Timeline of major economic events in 2021
|January 01||The Supreme Court issued an interim order to sugar mills, directing them to settle outstanding payments to sugarcane farmers.|
|May 24||Finance Minister Bishnu Poudel (under the Oli government) presented an ordinance budget of Nrs. 1,647.57 billion (USD 13.60 billion) for the fiscal year (FY) 2078/79.|
|June 10||All seven provinces presented their annual budget for the next fiscal 2078/79; the combined budget stood at Nrs. 262 billion (USD 2.16 billion).|
|July 10||Nepal and India signed a Letter of Exchange to the India-Nepal Rail Services Agreement 2004.|
|August 10||Finance Minister Janardan Sharma (under the Deuba government) introduced a white paper in the House of Representatives (HoR) depicting a bleak picture of the national economy.|
|Nepal Rastra Bank (NRB) unveiled the monetary policy for the fiscal year (FY) 2021/22 with major emphasis on digitization of banking transactions.|
|September 10||Finance Minister Janardan Sharma (under the Deuba government) presented a replacement bill in the House of Representatives (HoR), making amends to the previous ordinance budget for the fiscal year (FY) 2021/22.|
|September 17||Nepal Rastra Bank (NRB) injected Nrs. 20 billion (USD 169 million) in the domestic financial system to ease the growing shortfall of liquidity in the banking system.|
|October 18||Foreign Minister Dr.

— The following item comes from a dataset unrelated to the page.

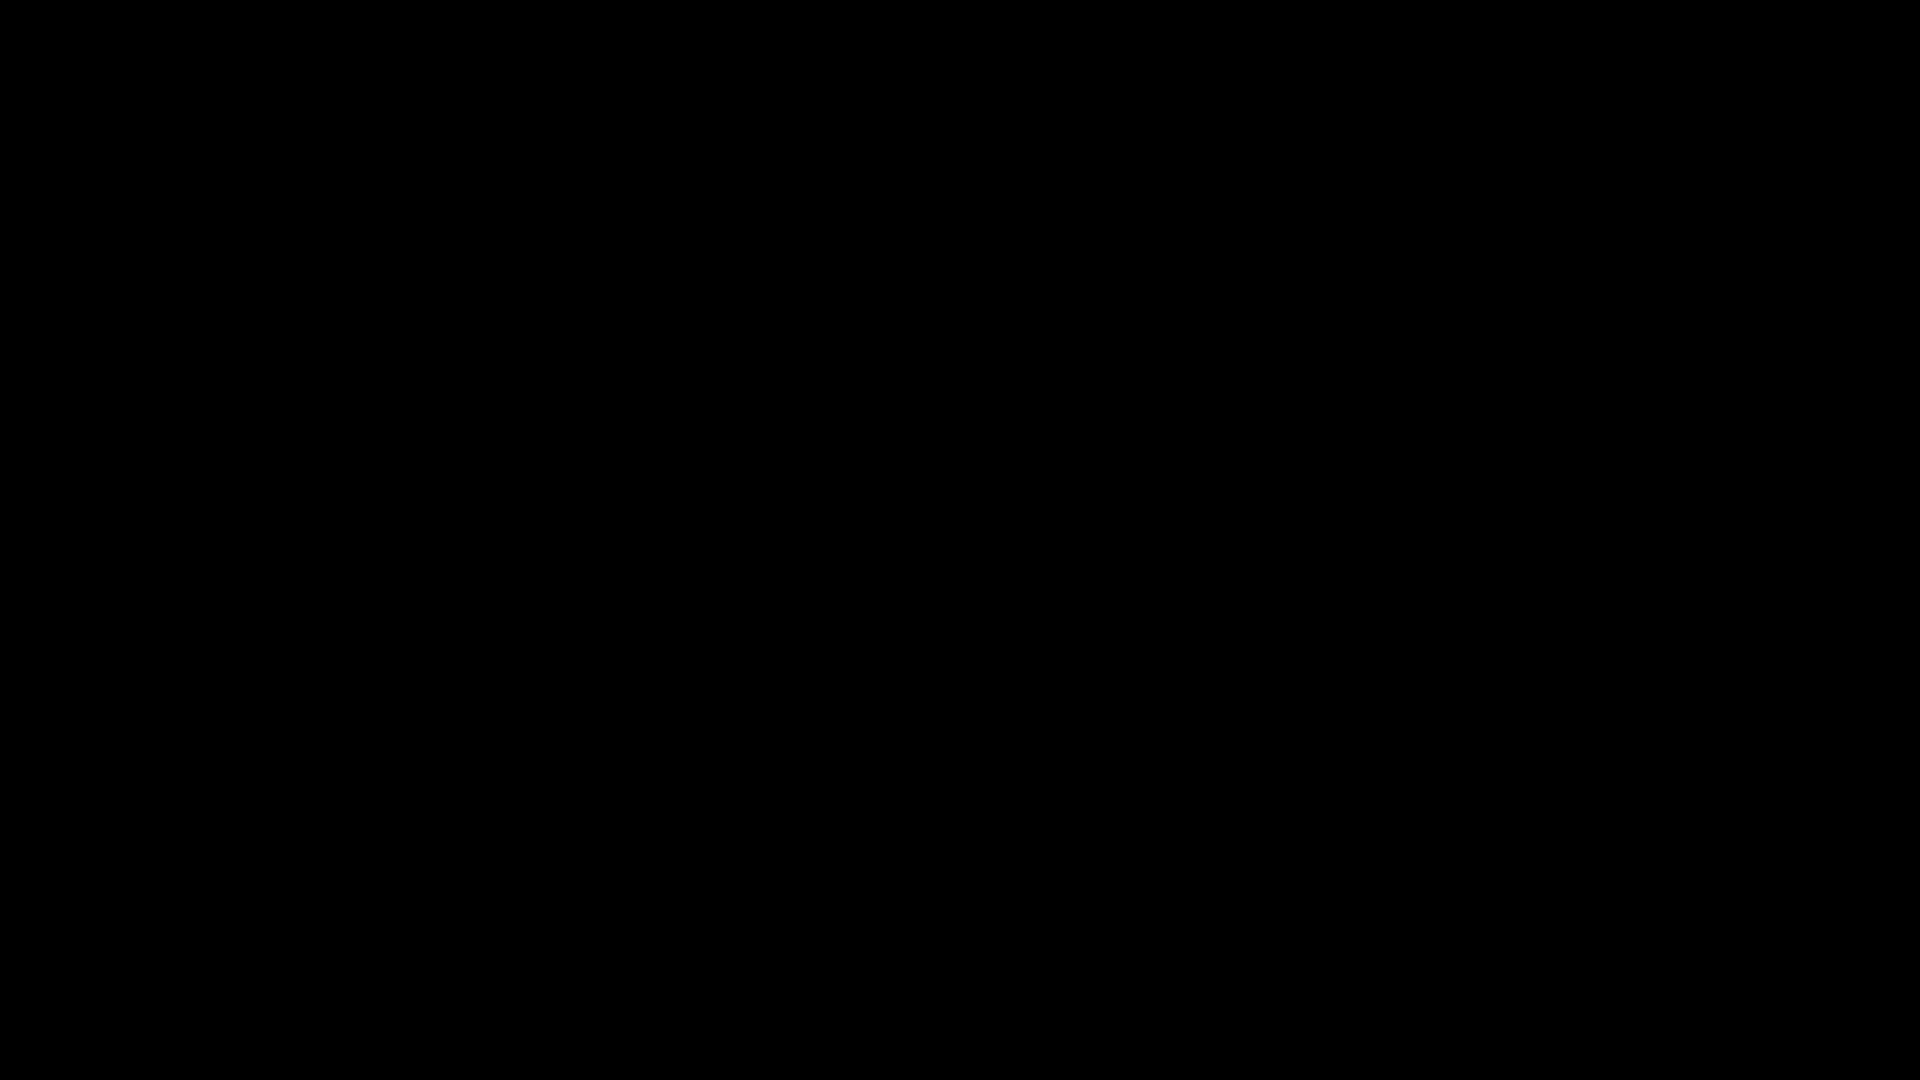 1920x1080C1A4B3D6-EEBC-77EC-1ACE-FC2CE81C959A.png

Narayan Khadka (under the Deuba government) urged his Chinese counterpart Wang Yi to re-open regular border transactions at Tatopani-Khasa and Rasuwagadhi-Kerung border points.|
|October 24||The Ministry of Agriculture and Livestock Development (MoALD) reported a loss of Nrs. 8.26 billion (USD 68 million) due to the unseasonal October rainfall.|
|November 20||Nepal Rastra Bank (NRB) launched the highly anticipated National Payment Switch (NPS).|
|December 12||Share investors lost Nrs. 1 trillion (USD 8.25 billion) during the time period between August 2021 to November 2021.|
The KP Oli government on 29 May, 2021 presented an annual budget of Nrs. 1,647.57 billion (USD 13.58 billion) through an ordinance, with special focus on controlling the Covid-19 pandemic and accelerating the recovery path for the economy. The government also projected a growth rate of 6.5 percent and a per capita disposable income of Nrs. 180,279 (USD 1,486). However, on 12 July, 2021, the Supreme Court issued a verdict, which stripped Prime Minister Oli of his duties and responsibilities and appointed Sher Bahadur Deuba (leader of the opposition party) as the new prime minister. Following the change in government, the new finance minister- Janardan Sharma presented a white paper on 10 August, 2021 depicting a bleak situation of the national economy. Similarly, Nepal Rastra Bank (NRB) on 13 August 2021, unveiled its monetary policy with major emphasis on helping enterprises and individuals impacted by the pandemic by extending deadline for loan payment. Lastly, Minister Sharma introduced a substitution bill on 10 September, 2021, replacing the previous ordinance budget with a new one of Nrs. 1.623 trillion (USD 13.86 billion.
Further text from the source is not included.